Order Of Worship (Liturgy)

Reading: Deut 6
Text: Deut 6:4-9
Songs: Psalm 116:1-5; Psalm 116:9,10; Psalm 128; Psalm 78:1,2,3; Psalm 105:1,3
* As a matter of courtesy please advise Rev. George van Popta, if you plan to use this sermon in a worship service.   Thank-you.

Beloved congregation of the Lord Jesus Christ:

By this time the schools are well under way. The children and young people (and their mothers) are back into the swing of things-ensuring that the children are out of the house on time to catch the bus, and, of course, getting their homework done.

The catechism classes have resumed. There are still a number of young people I have not seen. But I fully expect to see them this week.

The congregational Bible study clubs and societies (the ones that take a break during the summer) have begun again. Are you joining one? There is a lot of choice. I do not think that anyone can seriously use the excuse that none meets at a convenient time.

The new home visitation season is also beginning again. The elders are busy all year long speaking with those in their wards. Speaking words of encouragement to the hurting and words of admonition to the disobedient. In addition to that ongoing work is the work of the regular home visitations. Once again, as is done every year, the elders will visit all the homes and households that make up our congregation.

The purpose of the visit is to encourage you to continue living in covenant with God. God has established a covenant with us. We are in a relationship of fellowship with Him.

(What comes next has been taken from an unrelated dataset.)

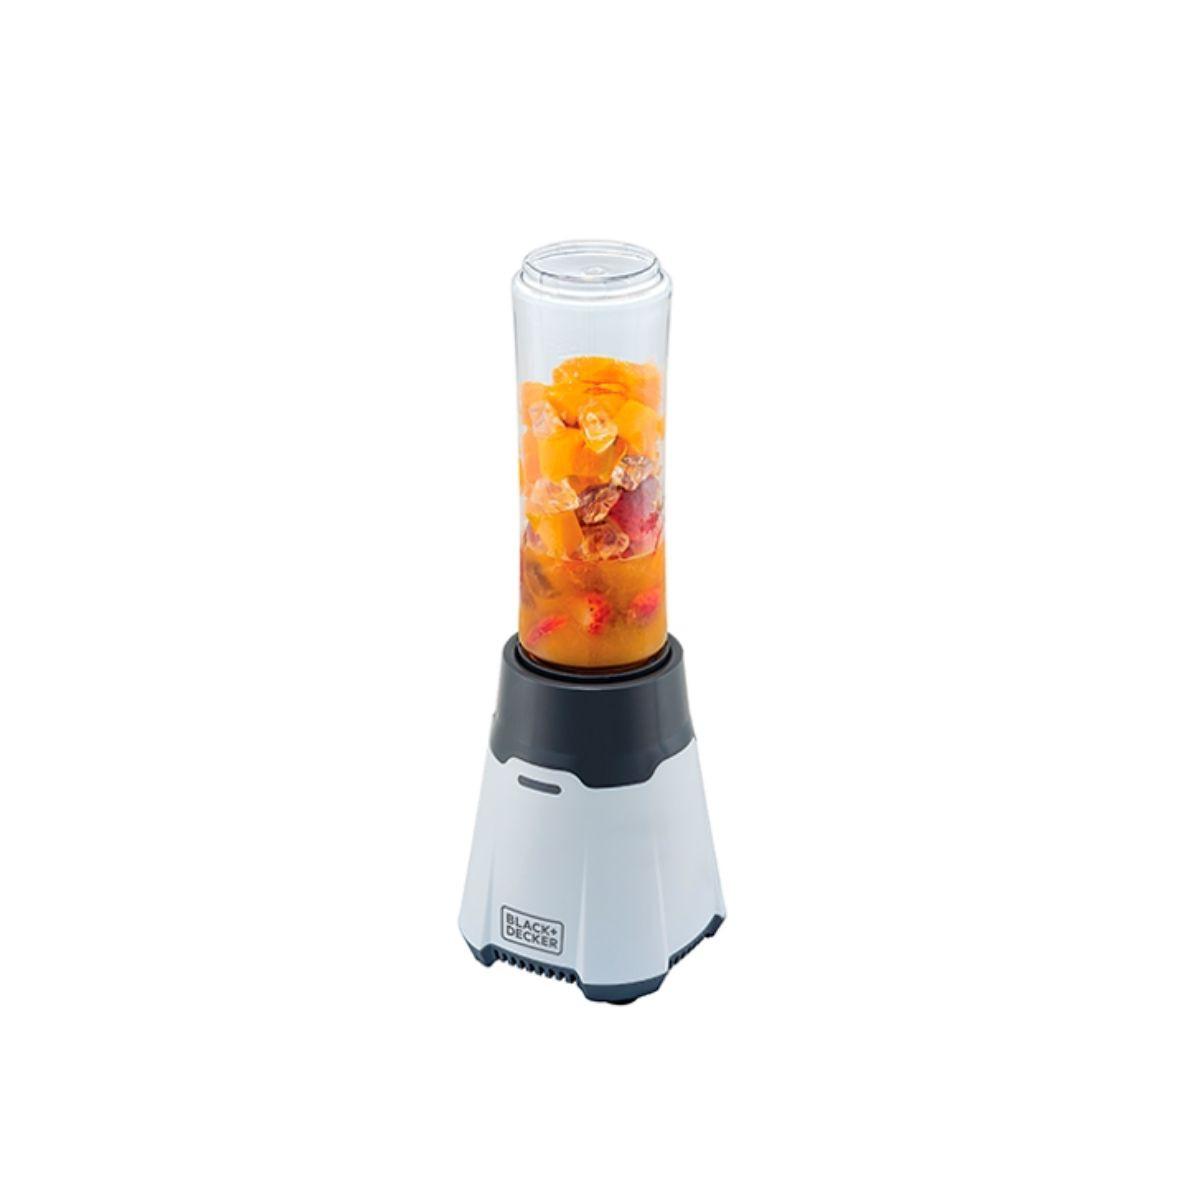 Liquidificador Blender Black & Decker Portátil 2 Coqueteleiras

God has a covenant with believers and their children. The elders want to encourage you to live faithfully in covenant with God.

All of life flows forth from that basic principle: that we are in covenant with God. The education of the youth of the church flows forth from that. Day school and catechism class both have their respective roles in that regard. So does congregational Bible study. So do the home visitations.

As consistory we have chosen Deut. 6:4-9 as a text for this year's home visits. As a rule, the elders will read this with you. This text will serve as a focus for the visit and discussion.

This morning, in light of the upcoming home visits, as well as the resumption of school, catechism and bible study societies, I preach to you the Word of God under this theme:


1. As individual; 2. As household; 3. As community.

1. As a footnote in your Bible will likely indicate, v. 4 is not easy to translate. A number of options is given in the footnotes. Literally, the Hebrew, with its great economy of words, says: "The LORD our God, the LORD one."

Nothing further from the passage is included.